**TO DO**
Each line of data below must be printed exactly as written, with any pictures removed.

**SUPPLIED INFORMATION**
════

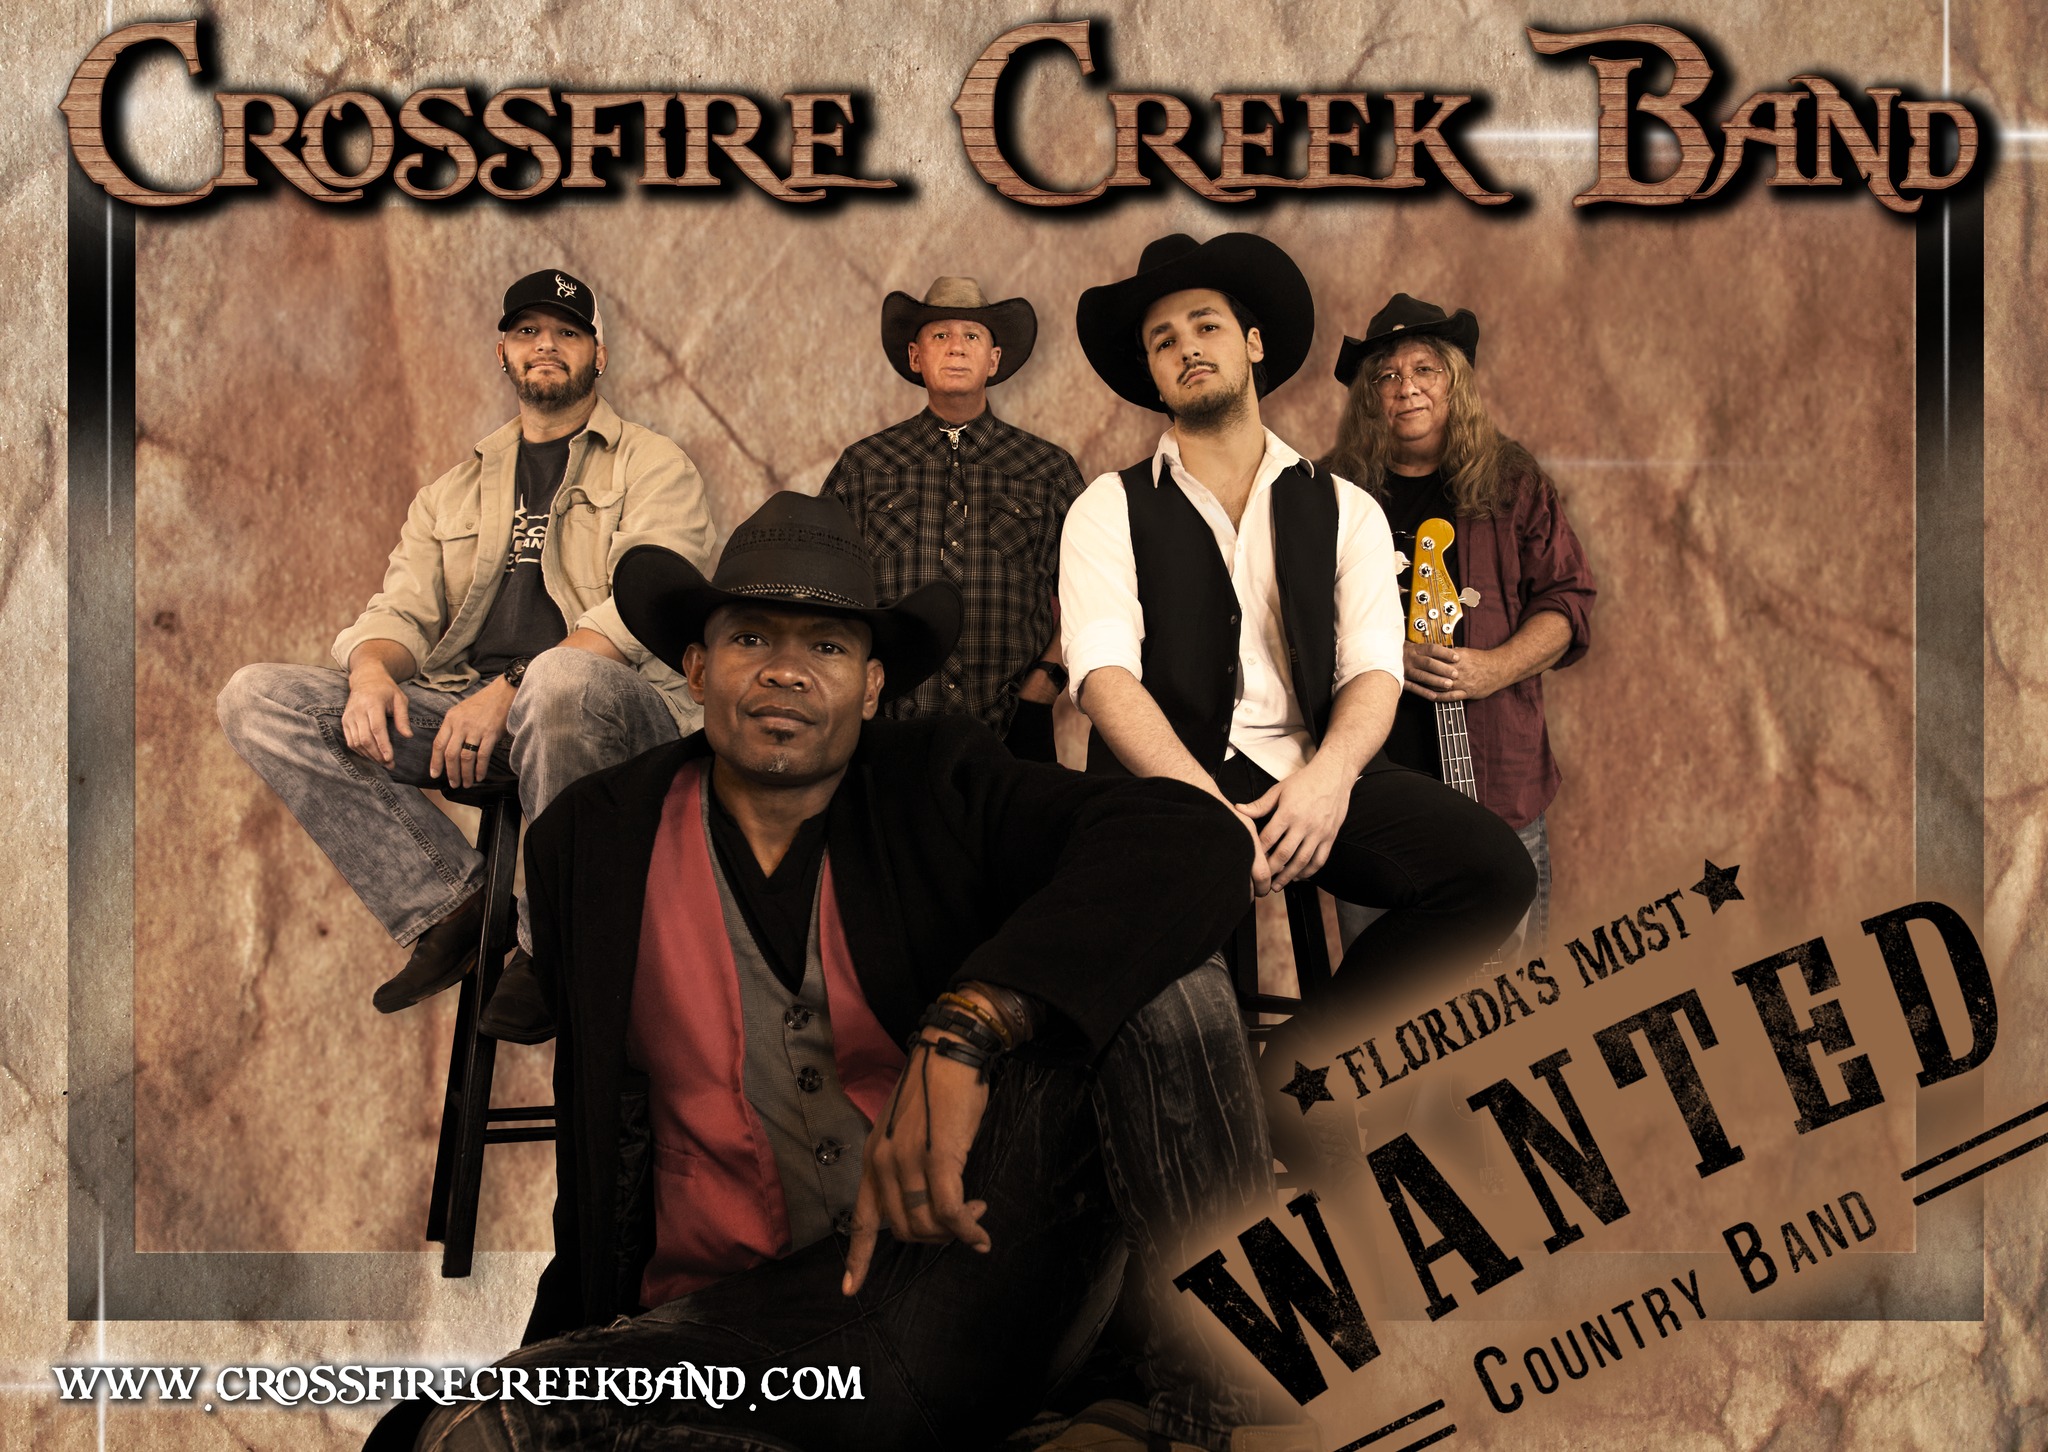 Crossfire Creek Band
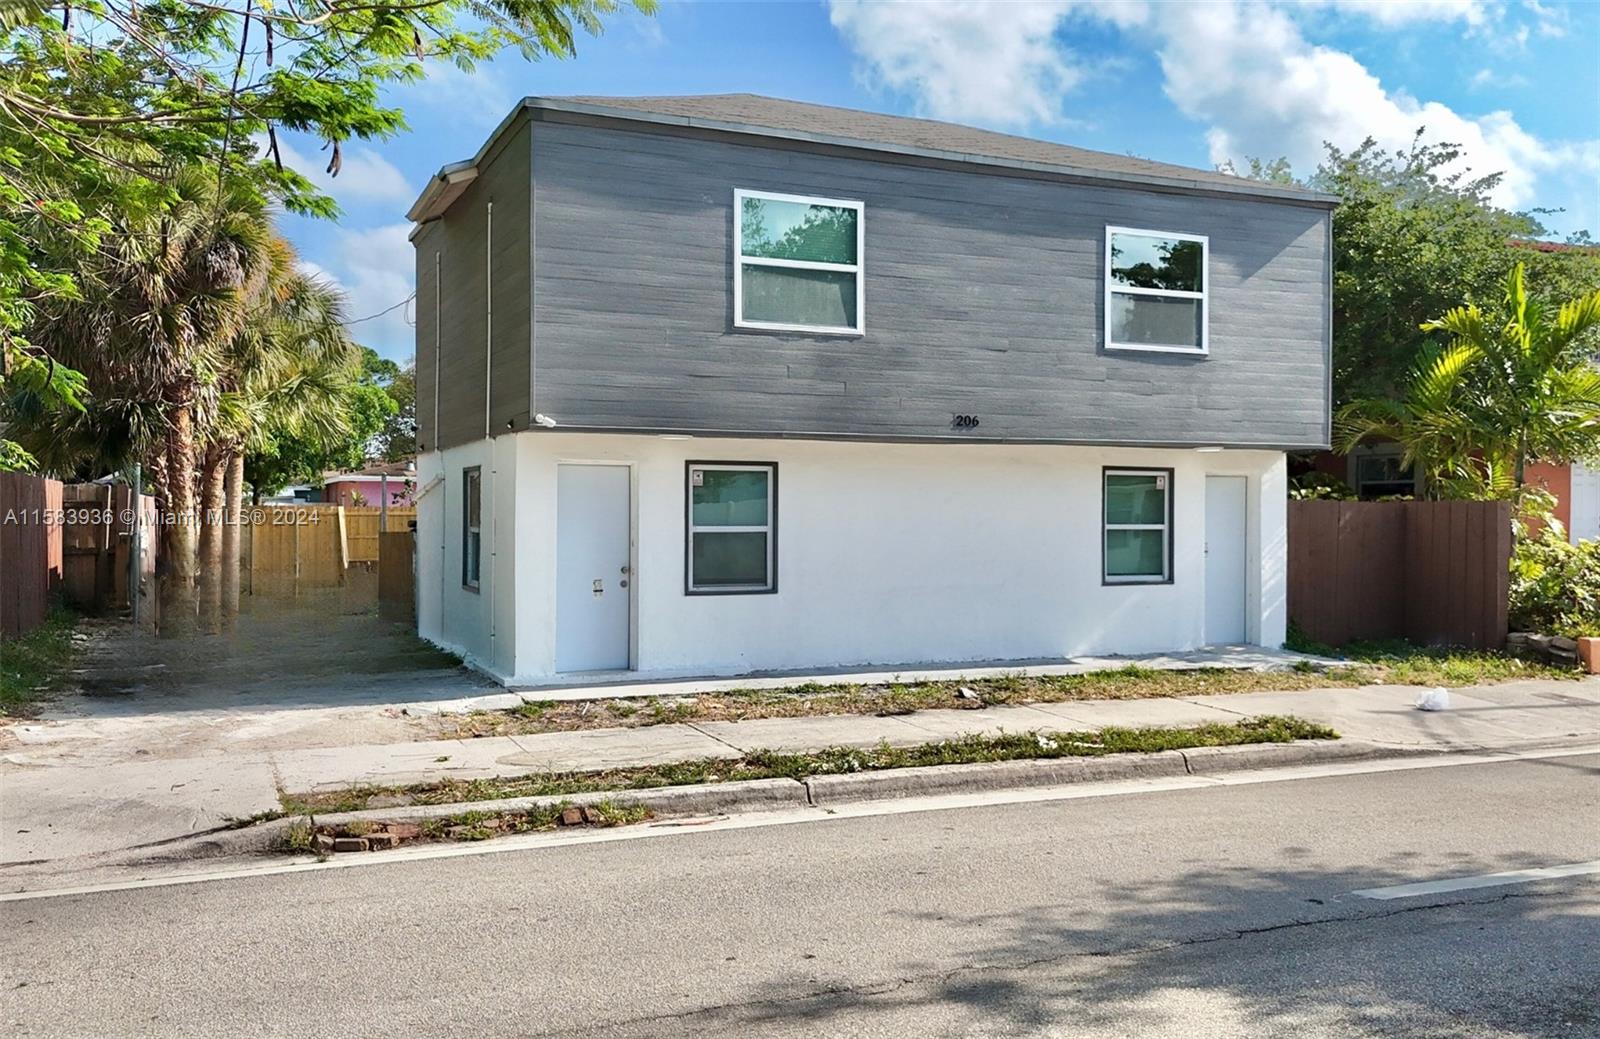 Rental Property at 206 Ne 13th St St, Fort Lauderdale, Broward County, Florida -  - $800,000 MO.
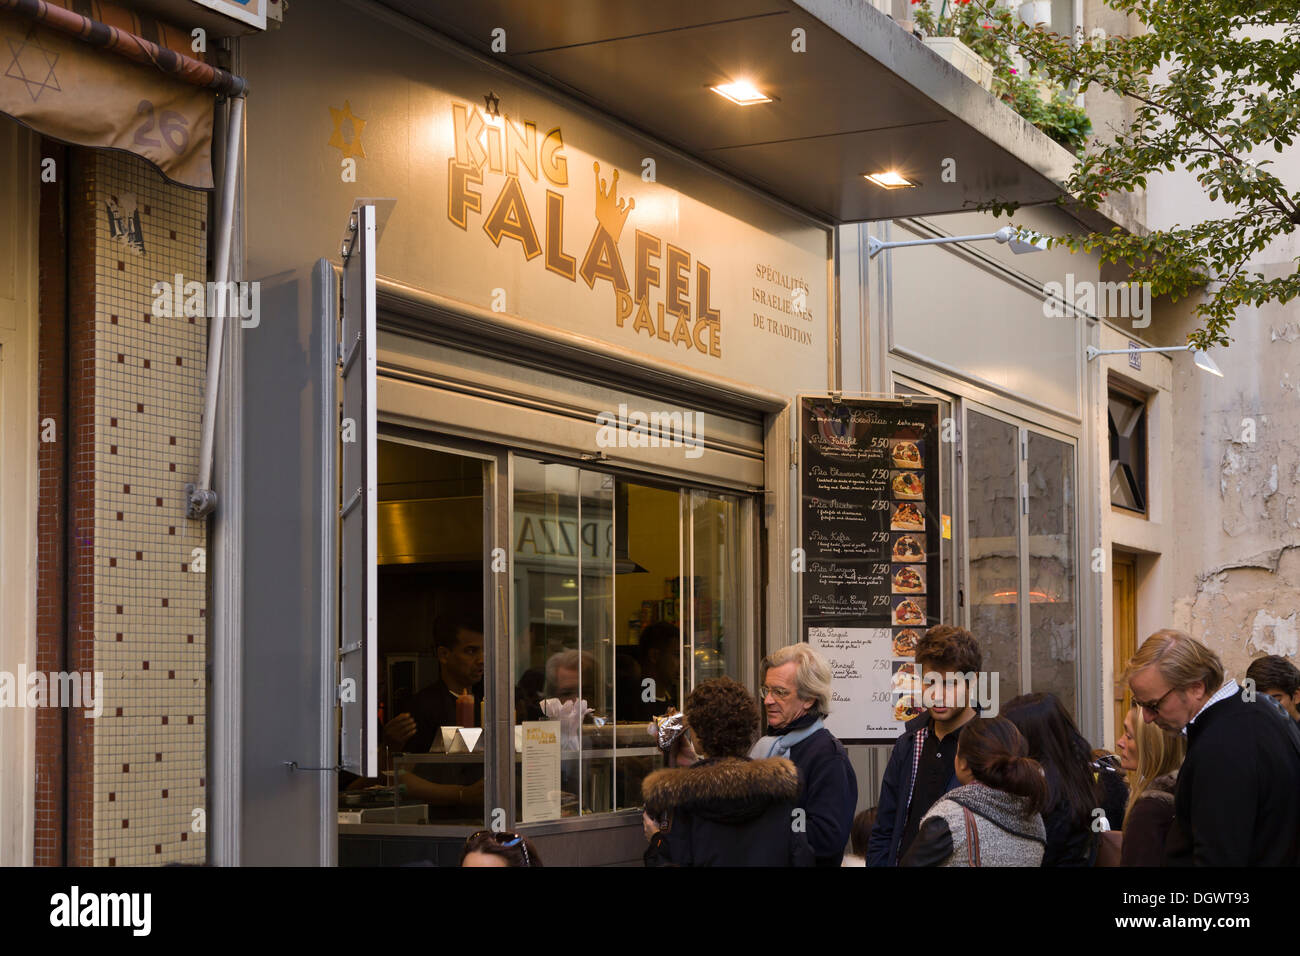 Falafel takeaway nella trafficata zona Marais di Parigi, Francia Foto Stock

════

**WRITTEN SOLUTION**
 Crossfire Creek Band
 Rental Property at 206 Ne 13th St St, Fort Lauderdale, Broward County, Florida -  - $800,000 MO.
 Falafel takeaway nella trafficata zona Marais di Parigi, Francia Foto Stock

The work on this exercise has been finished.